Dr. Moriggl studied biotechnology in Germany and did his PhD in 1997 working on cytokine signaling with Prof. Groner, Friedrich Miescher Institute, Basel, Switzerland and Institute of Experimental Cancer Research, Freiburg, Germany. After a postdoctoral fellowship at St. Jude Children’s Research Hospital in Memphis, USA, in the area of immunology with Prof. Ihle he moved 2000 to the group of Prof. Beug, Institute for Molecular Pathology, in Vienna. There he studied hematopoiesis and hematopoietic cancer development through oligomeric STAT5. Moreover, he made important contributions to the essential interaction of the hepatic glucocorticoid receptor with STAT5 for body growth, sexual differentiation and metabolism. He heads the Ludwig Boltzmann Institute for Cancer Research (LBI-CR) since 2005. RM obtained the Howard Hughes Medical Institute Postdoctoral Fellowship from 1997 to 2000 and a Marie Curie Industrial Host Fellowship from 2000 to 2002.
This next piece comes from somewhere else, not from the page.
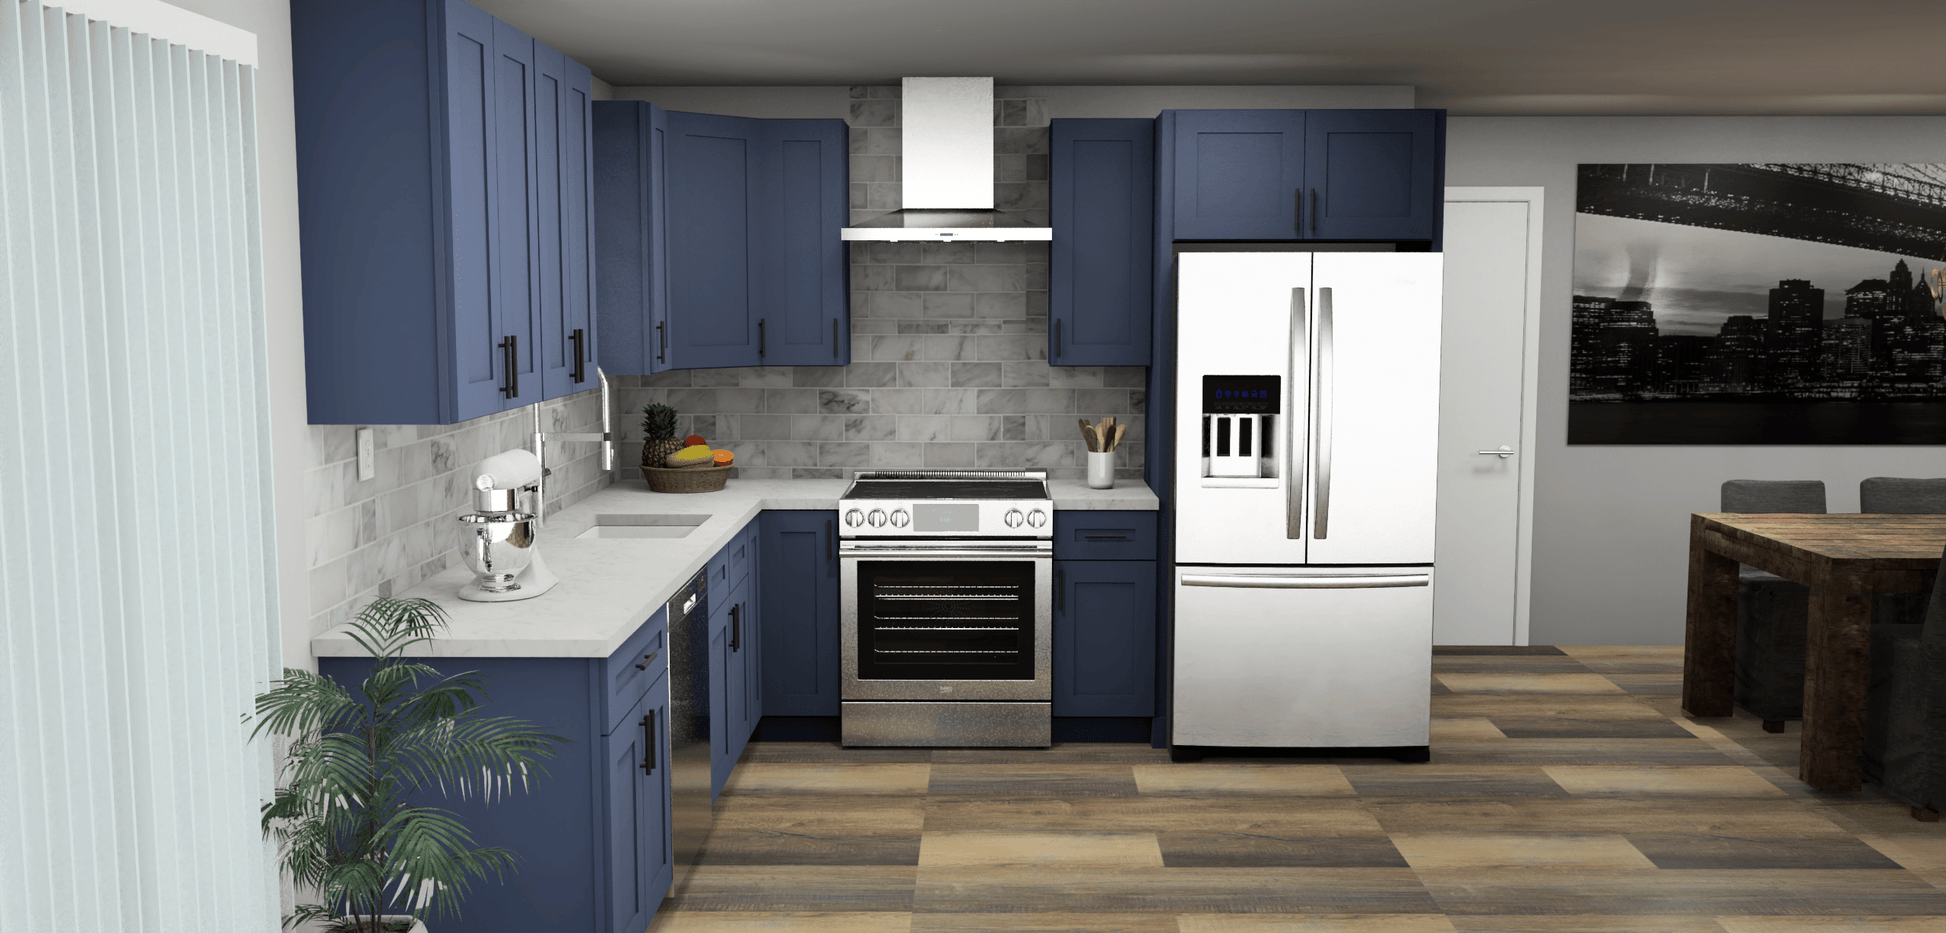 LessCare Danbury Blue 10 x 10 L Shaped Kitchen Front Layout Photo

RM is recipient of several prestigious awards including the "Max Buchner-Forschungspreis” (1992), “Otto-Kraupp-Preis” for the Venia Docendi of the Medical Faculty, University of Vienna (2004), “Award of the city of Vienna for research achievements” (2008) and for outstanding scientific achievements in cancer research “Großer zentraleuropäischer Preis”, Fonds der Stadt Wien für innovative interdisziplinäre Krebsforschung (2013).
The CV of Richard Moriggl is available here.
RM participates in two special research programmes (SFB) of the Austrian Science Fund:
SFB-F28: Jak-Stat Signalling
SFB F28 ran from 2006 to 2016 and is now successfully completed. It was headed by Prof. Mathias Müller from the Vetmeduni Vienna with deputy speaker Prof. Thomas Decker from the Max Perutz Laboratories. The final report is publicly available on the project website.
The particular strength of the research was to apply the fundamental knowledge about Jak-Stat mechanisms in cellular processes to the next level of complexity. The strength of SFB-JakStat was and the contributing research teams remains the pathway-centric view on molecular mechanistics, disease causalities and therapeutic interventions. The national and international renowned collaborative network that developed over the past decade will be further fostered by the long-term members of the consortium. The regular meetings with external speakers and progress reports of the JAK-STAT centric groups will be perpetuated. Most importantly, the core members of the consortium have sumitted a follow-up SFB concept termed Monarchie and Hierarchies in Shaping Chromatin Landscapes, which was invited to submit a full length proposal.
please click on the image for an animated introduction to the Jak/STAT pathway
SFB-F47: Myeloproliferative Neoplasias
The general aim of the SFB F47 is to identify and characterize novel clinically relevant markers and targets in patients with Philadelphia chromosome-positive chronic myeloid leukemia (Ph+ CML) and other myeloproliferative neoplasms (MPN), thereby providing novel tools and strategies for the development of improved diagnostic and therapeutic approaches.
The well-established biology of Ph+ CML will be employed as a paradigmatic model to study the evolution of leukemic stem cells (LSC) and the mechanisms underlying progression and drug-resistance in the SFB research program. The ultimate aim of the SFB is to improve targeted therapies in CML and other MPN by developing novel LSC-eradicating treatment concepts.
The researchers of the SFB-F47 at its kick-off meeting in 2013.